The key to this new function is the second argument, schema. This argument is a Cypher Map defining the structure of the output Map returned by the function. The format of this is like a standard JSON schema, but it varies a bit between the different providers. You can have a look at the documentation linked above, and also the documentation of the different providers. For this blog I will use the format of OpenAI, which seems to be the most strict one and thus becomes the most universal.

I thought the easiest way to test this new function would be by asking the AI to roll a die for me. To do this I specified the schema and made the call like this:

WITH
  {
    type: 'object',
    properties: {
      result: {type: "integer", minimum: 1, maximum: 6}
    },
    required: ['result'],
    additionalProperties: false
  } AS schema
RETURN ai.text.structuredCompletion(
  "Roll a die for me",
  schema,
  "OpenAI",
  {token: $apiKey, model: "gpt-5.2"}) AS diceRoll

I ran it and it replied with:

diceRoll
{
  result:4
}

All good there. It seems to work. Just to test the randomness I ran it again, and again it said 4. Not too unlikely, it is a 17% probability to get the same number again. But after running a number of times I found that it returned 4 every single time. I started testing the other providers and they all returned 4 as their die roll. I showed it to a colleague who had a theory…
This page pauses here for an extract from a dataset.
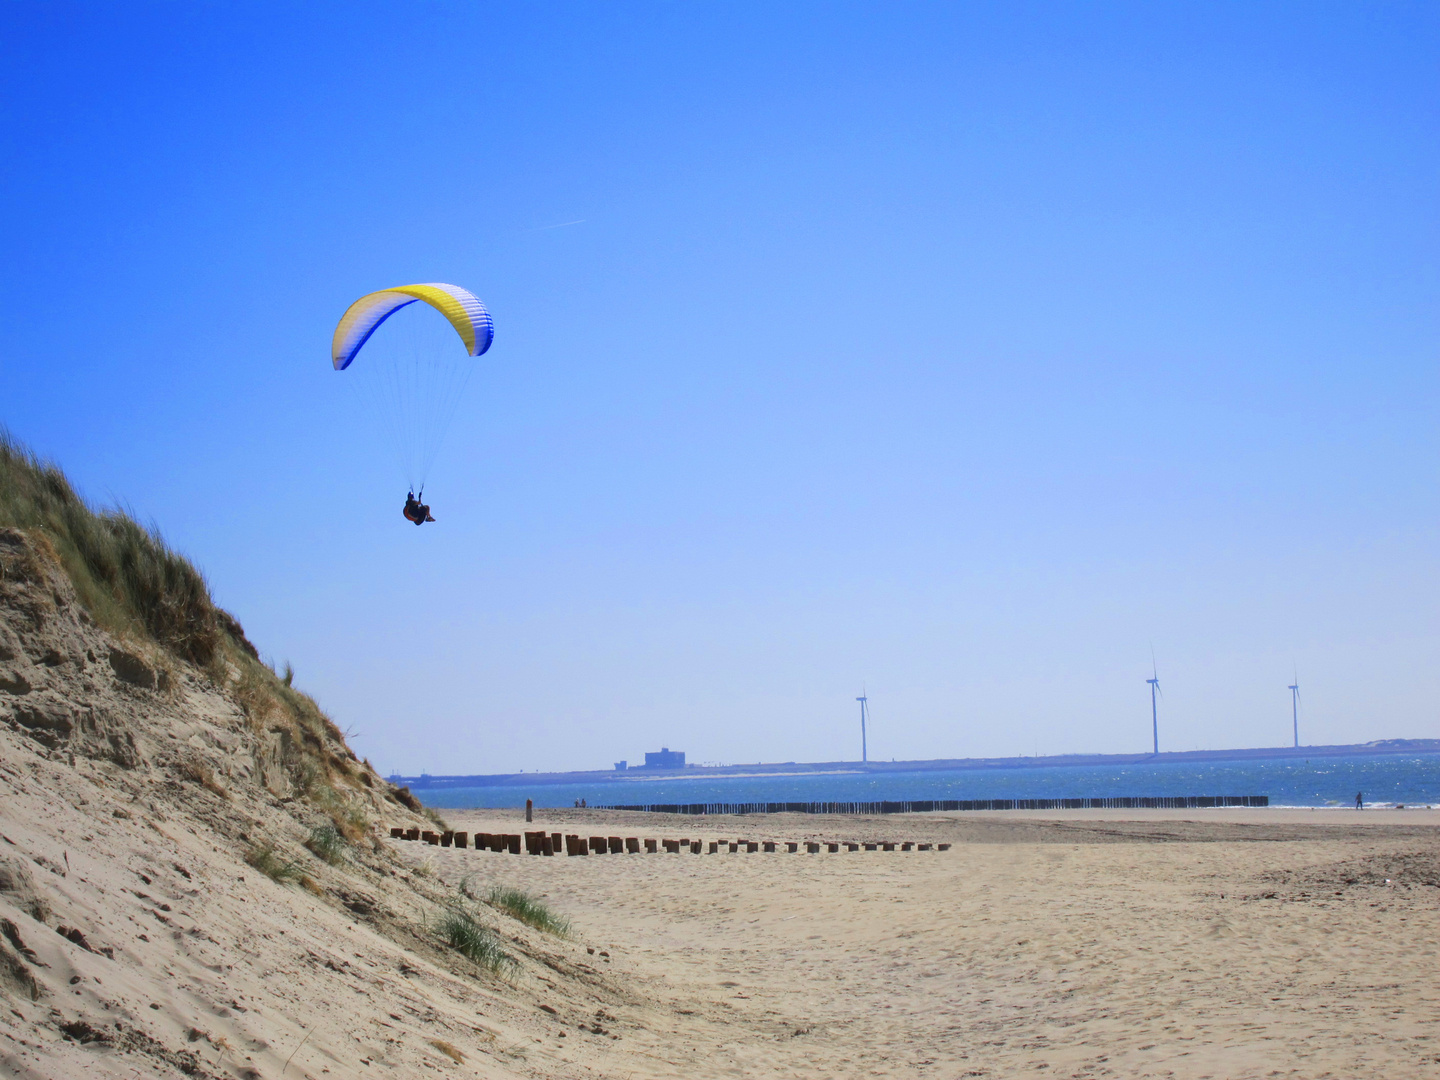 Paraglider am Strand

Being computer nerds like me, I guess most of you read the xkcd comics. One of their more famous strips is this one:

Random Number

It looks like this might have caused all LLM’s to be trained on the fact that a random number generator should return 4.

Nevertheless, our structured output function worked as expected. And I think the predictable randomness of this anecdote serves as a good metaphor for the predictability you get with structured output from the randomness of AI.

A recipe generator

Now for a slightly bigger, and hopefully more usable, example. An AI powered dinner planner and recipe generator.

Imagine that we’re building a dinner planner where one can make the weekly dinner plan by searching for existing recipes or generating new recipes based on the preferences of the user. Are they vegetarian? Allergic to nuts? Want fish on Tuesdays? Or just want vegetables that are in season?

We store the recipes generated in a graph together with their vector embeddings, which allows a lot of things like recommendations (what other dishes do people who like Pasta Carbonara tend to like), and Graph RAG enabled chatting (“What oven temperature should I use to get a piece of Salmon baked in 10 minutes?”). But I won’t focus on the bigger graph structure and all those features, just on the recipe generation itself (well, at least mostly…).

One feature of this application would be to let an LLM come up with a recipe based on some specification. I have done this with regular ChatGPT and it gives quite impressive suggestions. It is just a bit hilarious when it says things like “I normally add a pinch of sugar…”, or “What I do when that happens…” .

When you ask ChatGPT for a recipe you get it as just a block of text, containing ingredients and instructions. However, for our graph we want it in a structured format where we can single out ingredients to be stored as separate nodes, and thus enable linking recipes, scaling them and also building shopping lists.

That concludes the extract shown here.